You are viewing a plain text version of this content. The canonical link for it is here.

Posted to user@cassandra.apache.org by Alain RODRIGUEZ <ar...@gmail.com> on 2011/11/15 12:34:02 UTC

Compaction -> CPU load 100% -> time out

Hi, I'm running a 3 node cassandra 1.0.2 cluster on 3 Amazon EC2 t1.micro.

I managed to fix some OOM I had, but I still have some spike of cpu load.

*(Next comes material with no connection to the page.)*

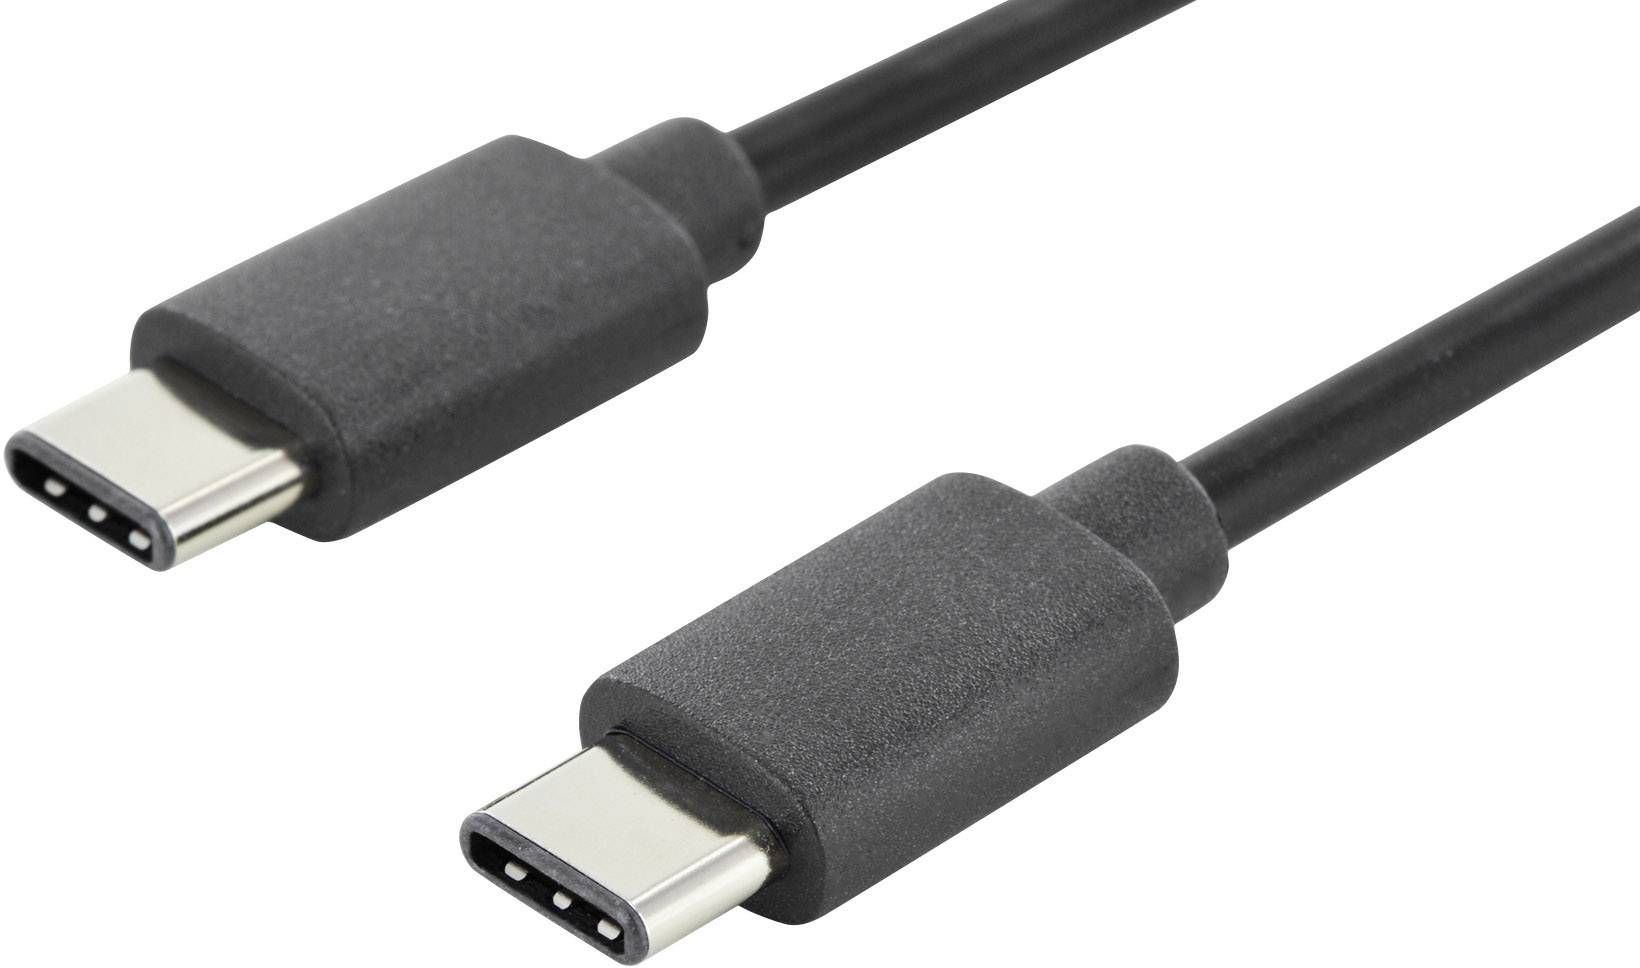 Usb c connector. USB 3.1 Type-c. USB 2.0 A Type-c кабель. USB 3.2 Type c кабель. USB m2 Type c.

I know that t1.micro have small resources, but I think it could be enough
if they were well managed.

My application works well, excepted when cassandra need to run a compaction
on a node. To do it, Cassandra uses 100% of the cpu, generating a lot of
time out. My time out is configured to 250 ms with 2 attempt max. I'm
running in production, our actual system use MySQL and we are trying to
replace MySQLwith Cassandra. Cassandra musn't slow down the production
environnement while we use both DB in parallel, that is why I can't
increase the time before a time out.

Running this compaction in background somehow could be a good idea, after
my seach about this subject, I tried by adding JVM_OPTS="$JVM_OPTS
-Dcassandra.compaction.priority=1" to the cassandra-env.sh

This option was added for Cassandra 0.6.3, is it still usefull ? It doesn't
resolve my problem.

Anyways, this doesn't help while performing a nodetool repair, the cpu load
is still 100%.

Is there a way to turn these exceptional tasks into backgrounds tasks,
using only available cpu ?

Is there a way to get Cassandra working properly on EC2 t1.micros ?

Thanks,

Alain

Re: Compaction -> CPU load 100% -> time out

Posted by Alain RODRIGUEZ <ar...@gmail.com>.

This is already a lot better. While compacting, the cpu load remain quite
low. However, I still have some spikes of overload generating timeouts. Is
there some others tunes I can do to make this compaction more stable ?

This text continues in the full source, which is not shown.